Lizzie relatou que encontrou o pai esparramado como uma boneca no sofá da sala, com sangue por toda parte. O rosto dele estava tão desfigurado que os olhos tinham sido partidos e estavam caídos perto do ombro direito em uma pasta sanguinolenta. O homem foi atingido 11 vezes por uma machadinha. Abby foi encontrada em seu quarto, caída de bruços em uma poça de seu próprio sangue. Ela tinha sido golpeada acima da orelha 19 vezes com a mesma arma.
A investigação policial encontrou no porão uma machadinha com o cabo quebrado, usada por Borden no dia anterior para matar pombos no celeiro. Ela foi considerada a arma do crime, e a polícia suspeitava que o cabo tinha sido cortado por estar sujo de sangue, mas fora isso não havia evidências. Na época, testes para detectar impressões digitais já estavam sendo feitos na Europa, mas os estadunidenses não acreditavam que era um método confiável e se recusaram a realizá-lo no objeto.

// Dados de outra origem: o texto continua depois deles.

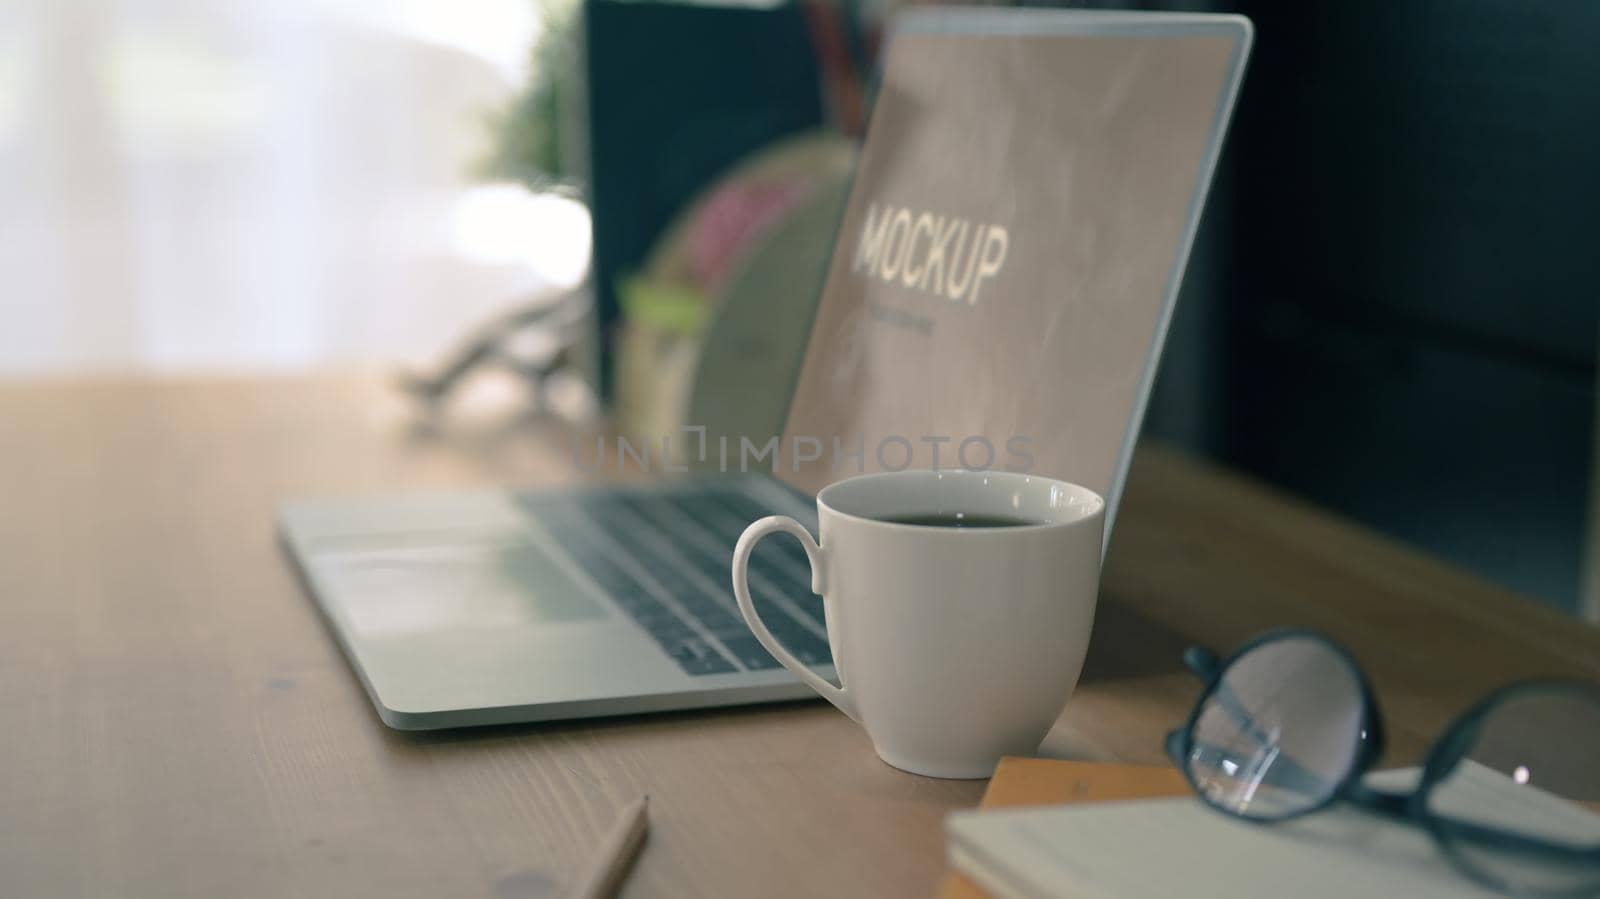 Computer laptop, coffee cup, glasses and notebook on wooden table. Comfortable workplace.
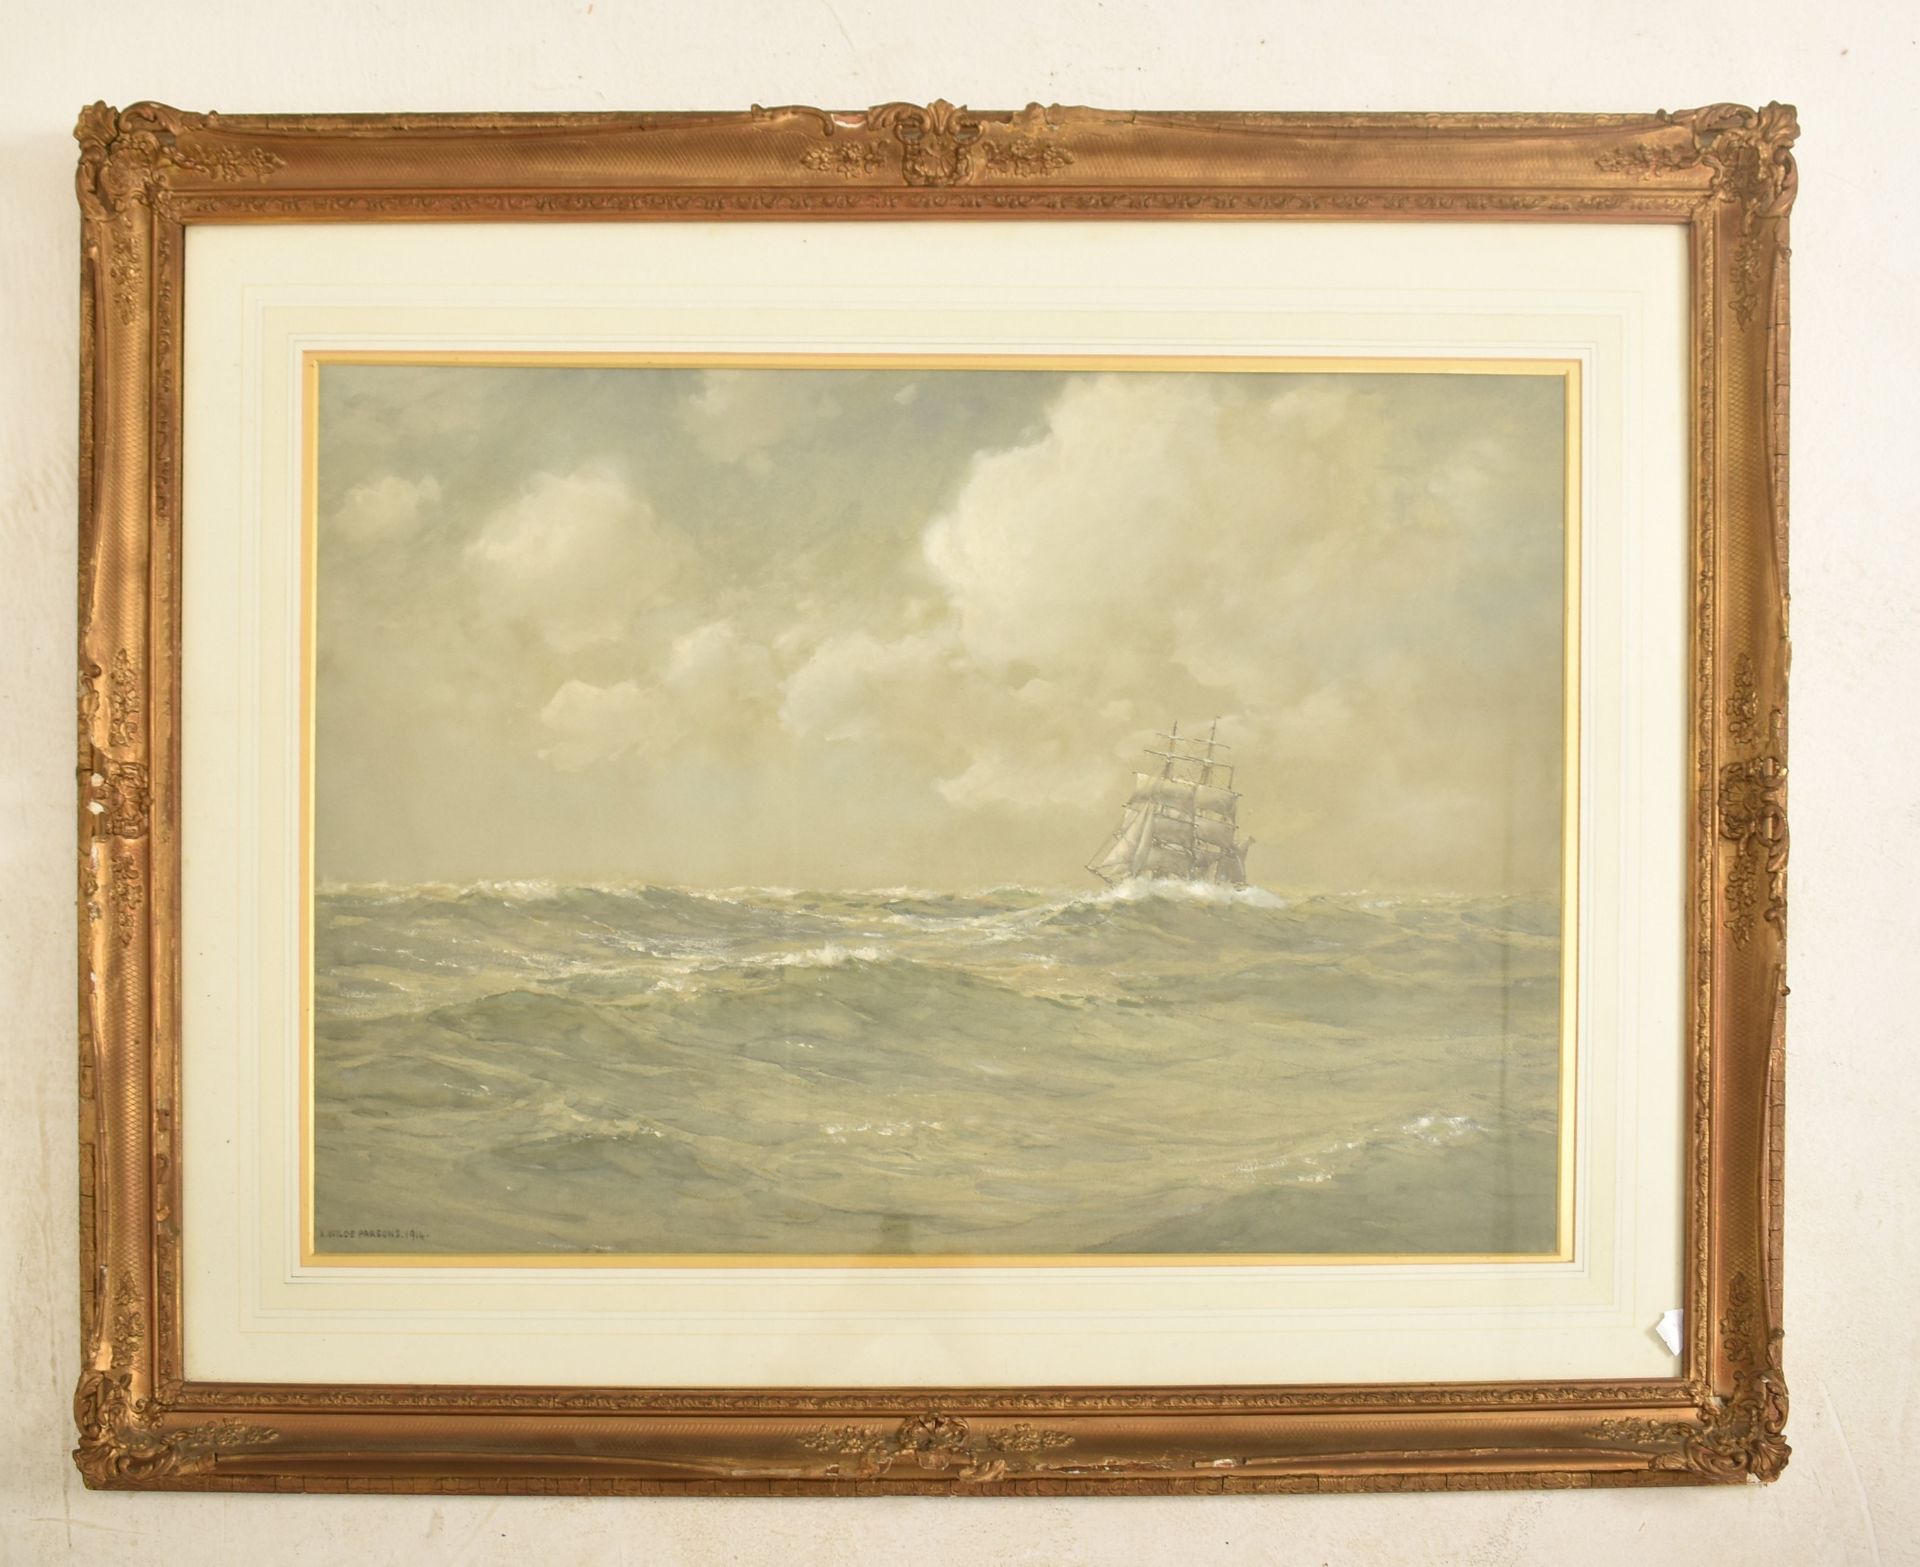 ARTHUR WILDE PARSONS (1854-1931) - WATERCOLOUR ON PAPER PAINTING - Image 2 of 6

Em testemunho, a história de Lizzie não fechava e era contraditória. Ela disse que estava no celeiro quando ouviu o primeiro grito, mas os médicos atestaram que Abby morreu por volta das 9h, antes de Borden sair. Bridget não sabia de nada nem tinha visto qualquer coisa. Emma, a irmã, não estava na cidade. Os policiais não periciaram a casa, pois Lizzie disse que não estava se sentindo bem. A princípio, eles não tinham motivos para suspeitar da professora de 30 anos de idade, rica e adorada. Quando isso aconteceu, já era tarde demais.
Com a falta de provas, a mulher foi absolvida em 20 de junho de 1893, criando um furor ainda maior. Os assassinatos grotescos já tinham sido banalizados pela mídia e se tornado sinônimo de atração. Foram especulados romance lésbico, vingança, abusos sexuais e complô. A mansão chegou a ser invadida por pessoas que queriam levar um pedaço do local como recordação.
Exatamente 128 anos depois, os horrores continuam a fascinar e ser motivo de inspiração para séries de televisão, filmes, livros e até roteiro turístico com parada no museu que se tornou a casa da família Borden, na qual é possível tirar uma foto deitado na posição em que os cadáveres foram encontrados. O que mantém vivo o prestígio cultural obsceno ao redor de um assassinato?
Talvez seja o fato de ter todos os elementos de uma tradicional tragédia grega: um crime na aristocracia, tendo como elemento principal uma típica agrura mundana, cercado por uma tensão permanente e com final trágico e infeliz. Lizzie ganhou a independência financeira que sempre desejou e passou o resto da vida viajando, até que morreu e foi enterrada no Oak Glove Cemetery, ao lado dos pais que ela certamente assassinou.
O teor obsceno e as incertezas do crime se tornaram mitologia na cultura norte-americana. O caso de Lizzie Borden foi o primeiro a ser veiculado em massa e para o mundo inteiro, enquanto o jornalismo passava por um período de forte transição. Além disso, serviu para expor a podridão da alta sociedade e romper o estigma histórico de que só os pobres eram violentos e assassinos. O Dr. Jean Kim, psiquiatra da Universidade George Washington, reforça que um assassinato memorável como esse destaca uma visão social ou realidade particular que a época tinha reprimido ou ignorado.
Com a moldura de um melodrama vitoriano, Lizzie Borden e toda a sujeira obscura que acompanha a sua imagem representaram o início de uma era de verdades.